— Ну, уж коли тебе нужна книга…
— Тогда ждите такси, — сказал я, не удержавшись от усмешки.
В пансионате зашел в буфет за бутылкой минералки, увидев в пустой столовке за поздним завтраком Нагибина, уминающего яичницу. Компанию мэтру составляла девица лет двадцати пяти, очень даже. Длина ее юбки и каблуков была примерно одинакова. Модница была представлена мне, как начинающая гениальная поэтесса. Таковой комплимент классика, несмотря на очевидную лживость, оправдывался его вполне определенными намерениями, должными быть подкрепл¸нными лестью, от которой покраснели прелестные ушки будущей жертвы. В литературных кругах этот степенный неуемный женолюб носил кличку «Нагибон».
После пары минут пустой болтологии ни о чем, я припомнил маленький фактик из детства, косвенно связанный с моим сегодняшним визави.
— В квартире моих родителей была большая библиотека, — поведал я. — Отчетливо помню книжные полки, где том Юрия Нагибина соседствовал с книгами Куприна и Алексея Толстого.
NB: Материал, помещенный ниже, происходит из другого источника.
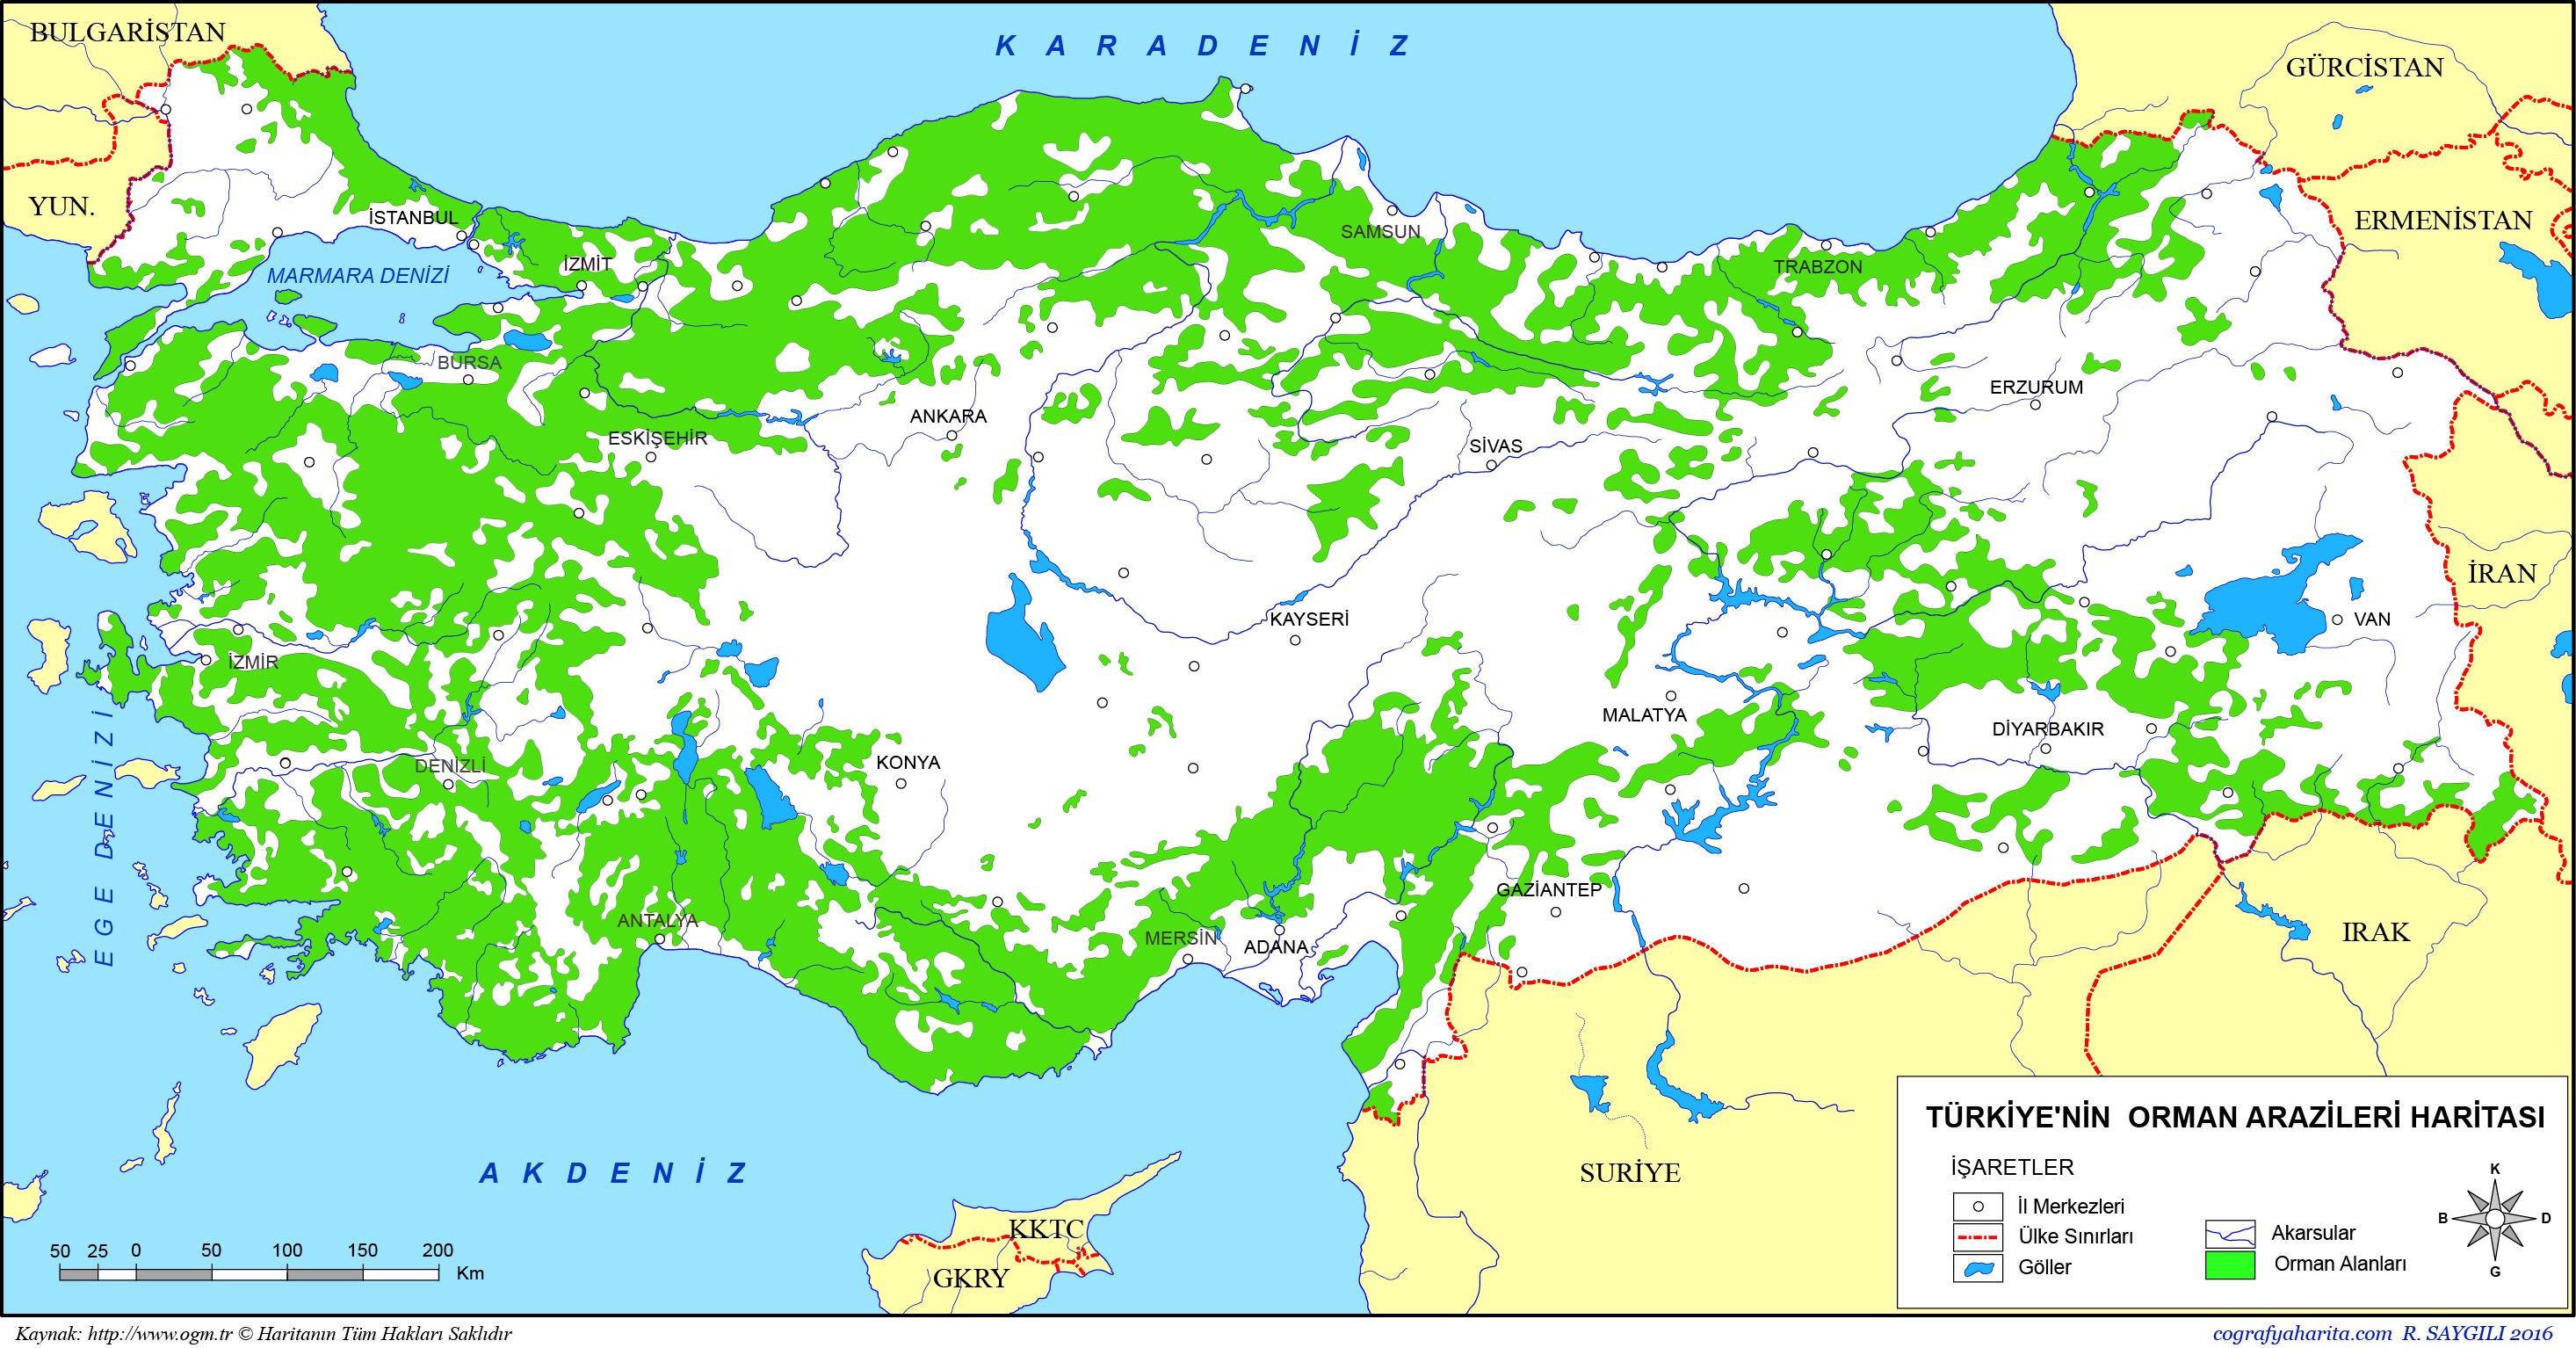 Kuzey Amerikanın doğal alanları: özellikleri

И отчего-то у меня была непоколебимая уверенность, будто это — одна компания знаменитостей из века девятнадцатого…
Нагибин посмотрел на меня покровительственно, но тепло. Мой невольный елей пролился на благодатную почву его самомнения.
А я, глядя на него, думал: отчего наша писательская братия столь тяготеет к этим скучнейшим домам творчества, окруженным истоптанными убогими лесками; бетонными коробками с тесными комнатками, казенными постелями, столовками, где качество еды — на уровне заводского общепита… Неужели весь смысл здешнего времяпрепровождения — дармовщина и возможность безмятежного пьянства вдали от всевидящих очей бдительных жен? Припомнился нечаянно услышанный обрывок разговора за столиком в писательском ресторане: «Наконец-то, свобода! А вчера едва рюмку налил, тут же включилась сигнализация — супруга!»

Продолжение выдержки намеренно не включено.